Evidence has recently come to light that the Board of Governors of the School and the War Office toyed with the idea of relocating the Hibernian School in Northern Ireland, which comprised a number of counties that would remain part of the United Kingdom. This evidence will be discussed in an article on the final era of a comprehensive of the Hibernia Society and school now being written. The decision, however, was taken not to find new premises for the School, but to evacuate the boys remaining in school to Shorncliffe. The Hibernian School operated as an institution separate from the Duke of York's School until 1924 when it was amalgamated.
Note: The border of swastikas adorning the 'last roll call' document reproduced above will not go unnoticed.

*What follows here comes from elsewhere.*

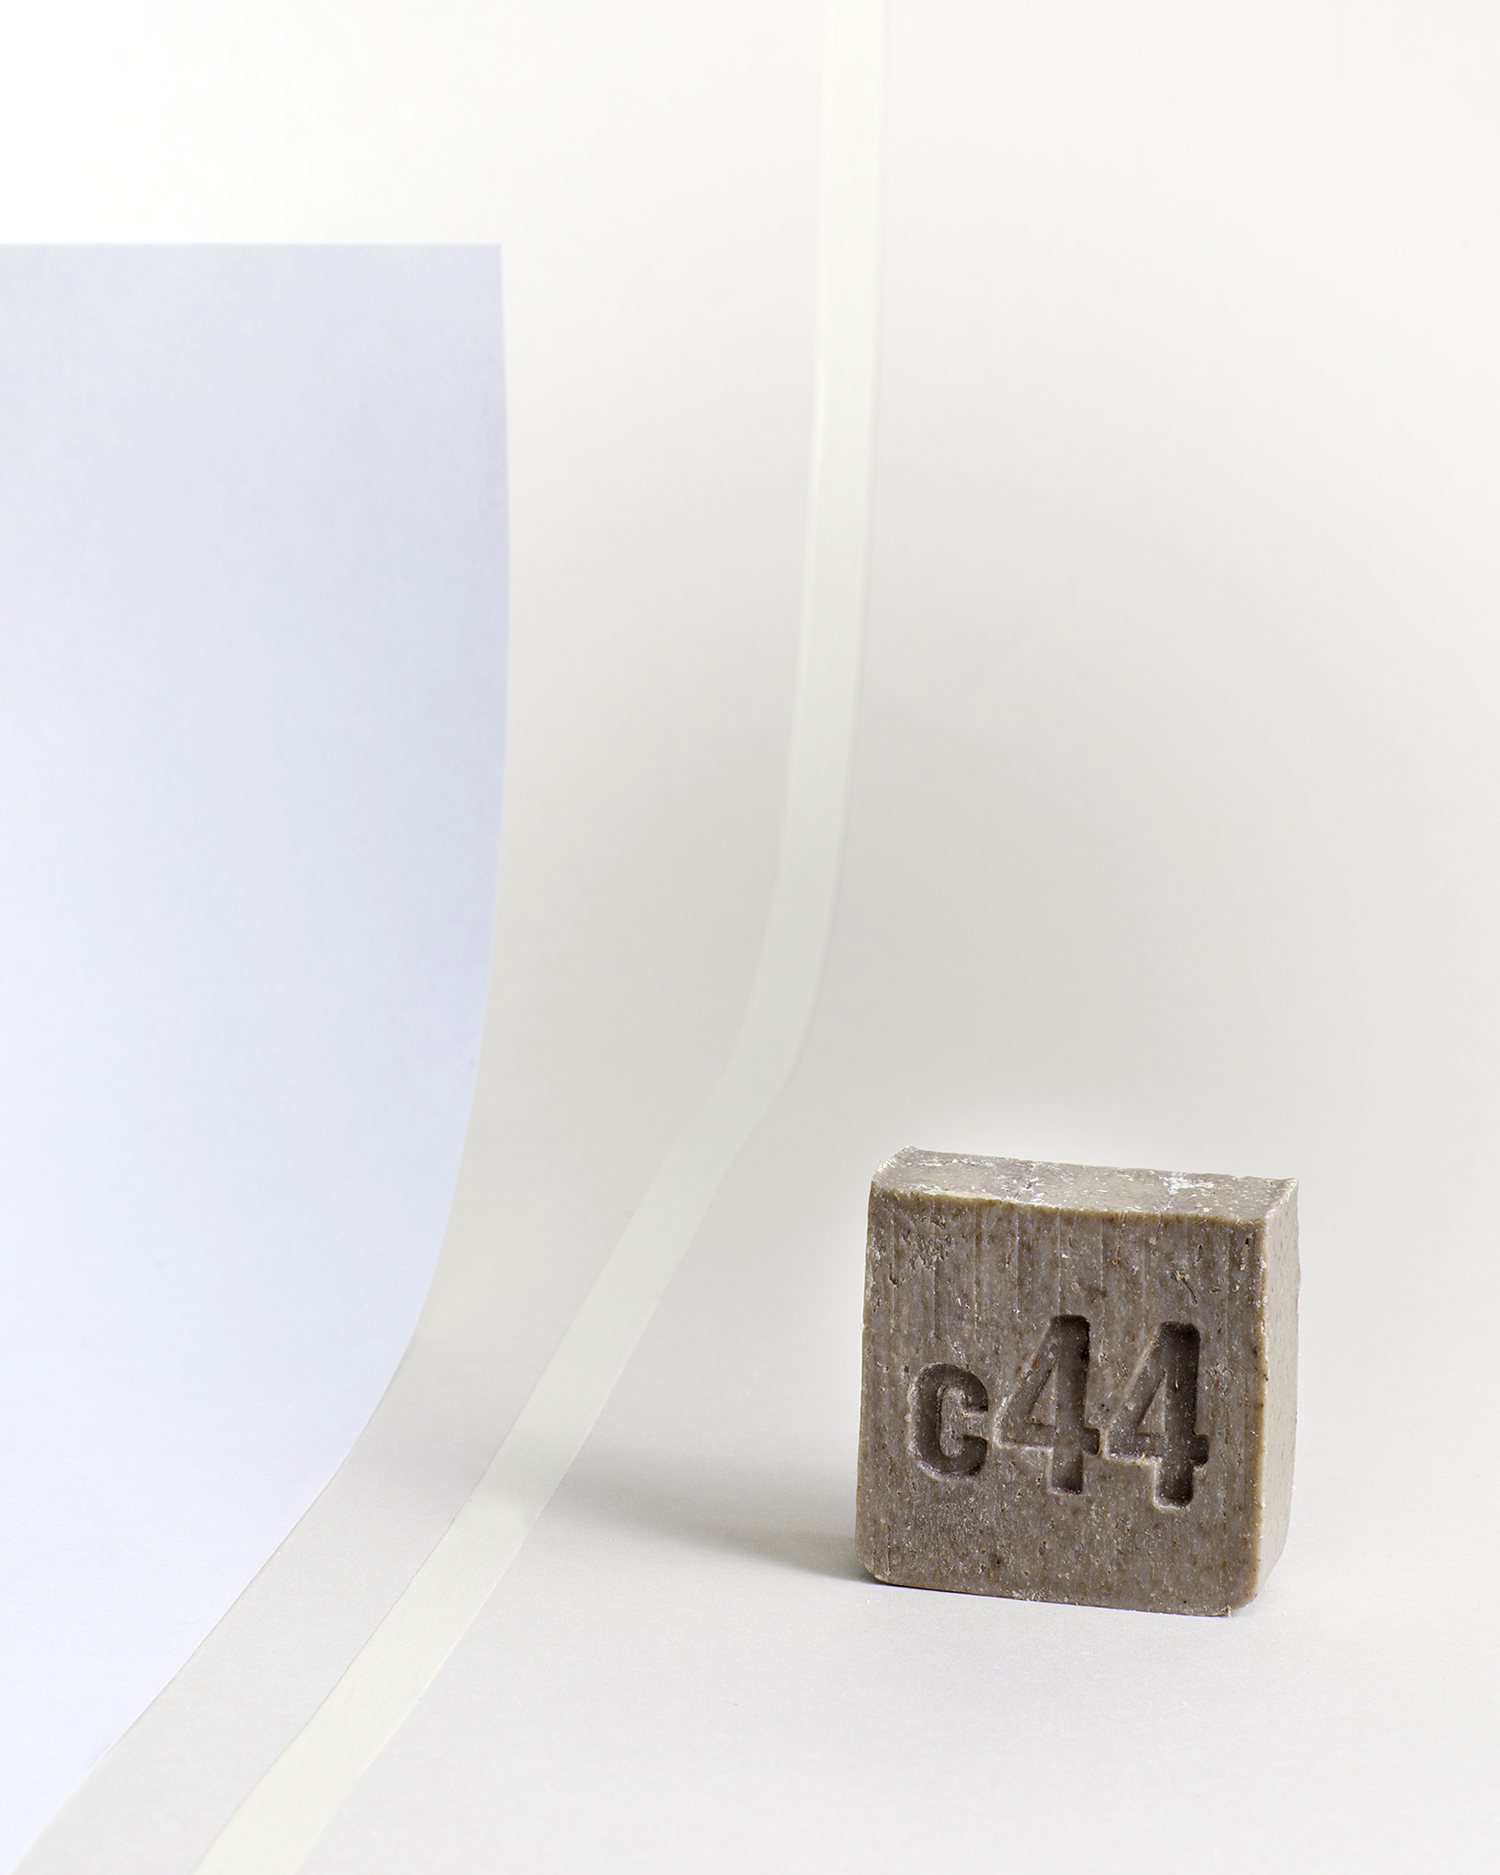 Carriage 44-105-4x5.jpg

It is, however, pointed out that the swastika is an ancient symbol that has been in use for well over 3,000 years with a lineage at least equal to the Egyptian Ankh. Pottery and coins unearthed at Troy are proof that the swastika has been in common use since 1,000 BC: in China as the wan, Greece as the tetraskeion, German as the hakenkreuz, and Britain as the fylfot. The swastika symbol name adopted by the National Socialist Party of the Third Reich is of Sanskrit origin: swastika from 'su', meaning 'good', and 'asti' meaning 'to be' while the 'ka' is a suffix. Its use as a border for the last roll call of the Hibernians, or course, predates the rise of the National Socialist Party of Germany.